Will it go round in circles?

Alberto Gonzales, overseer.

Published August 7, 2007 1:41PM (EDT)

As Walter Pincus reports in the Washington Post today, "senior government officials" say Attorney General Alberto Gonzales and Director of National Intelligence Mike McConnell will design the procedures for using the new surveillance powers Congress has approved and determine whether the administration is complying with them.

We'd call this "checks and balances, the White House way," only it's the system that Congress approved when Congress approved the new surveillance powers over the weekend: Gonzales and McConnell draw up the procedures, the FISA court gets to say if they're OK, then Gonzales and McConnell decide whether Bush administration officials are using the procedures in the way that Gonzales and McConnell directed. As Pincus notes, Gonzales and McConnell will be required to "certify" that the surveillance being done is being done pursuant to the new law, "but the certification will be placed under seal 'unless the certification is necessary to determine the legality of the acquisition.'"

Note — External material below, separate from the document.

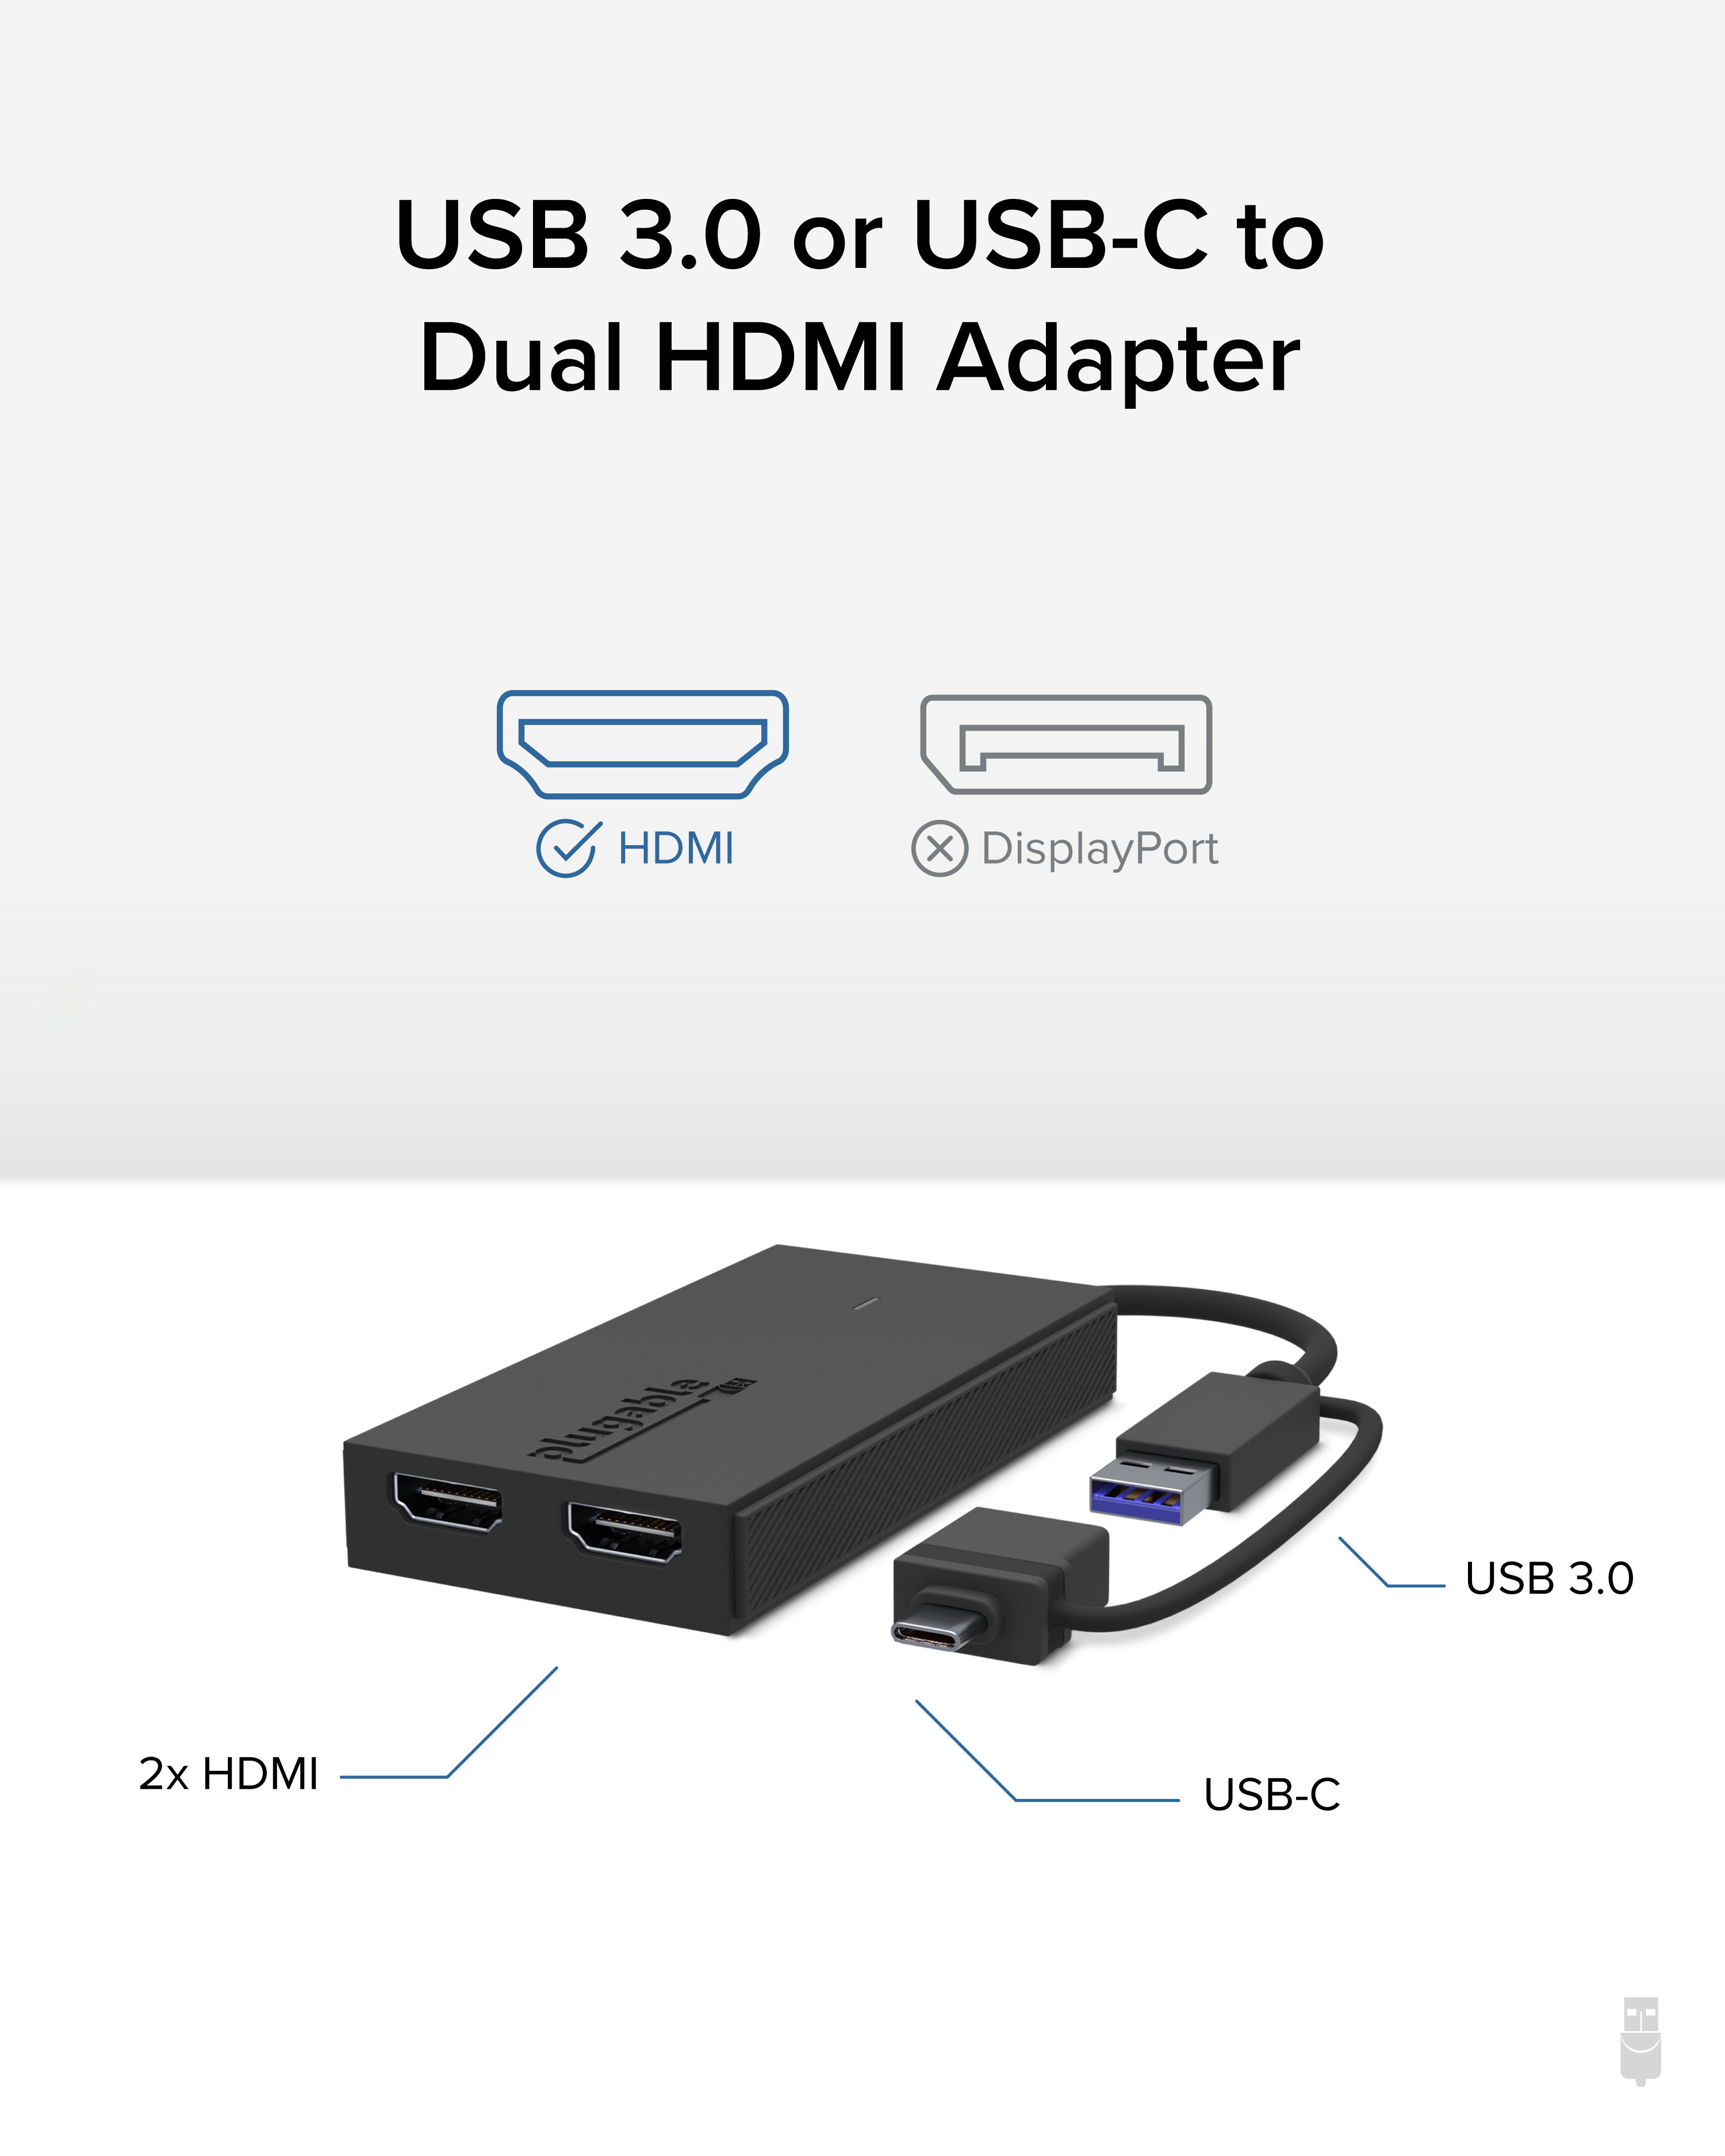 Plugable USB 3.0 or USB C to HDMI Adapter for Dual Monitors, Universal Video Graphics Adapter for Mac and Windows, Thunderbolt, USB 3.0 or USB-C - image 4 of 7

If your head is spinning from the circularity of it all, maybe this will give you some comfort: The authority granted by the surveillance legislation expires after six months, and House Speaker Nancy Pelosi has said that she wants to see it rewritten even before then. But here's a question: If Democrats in the House and the Senate found it impossible to resist giving the Bush administration surveillance powers it didn't already have, are they really going to be comfortable taking those powers away once Gonzales and McConnell can start claiming -- while keeping the details under seal, of course -- that the new powers are already working to stop terrorist attacks?


By Tim Grieve

Tim Grieve is a senior writer and the author of Salon's War Room blog.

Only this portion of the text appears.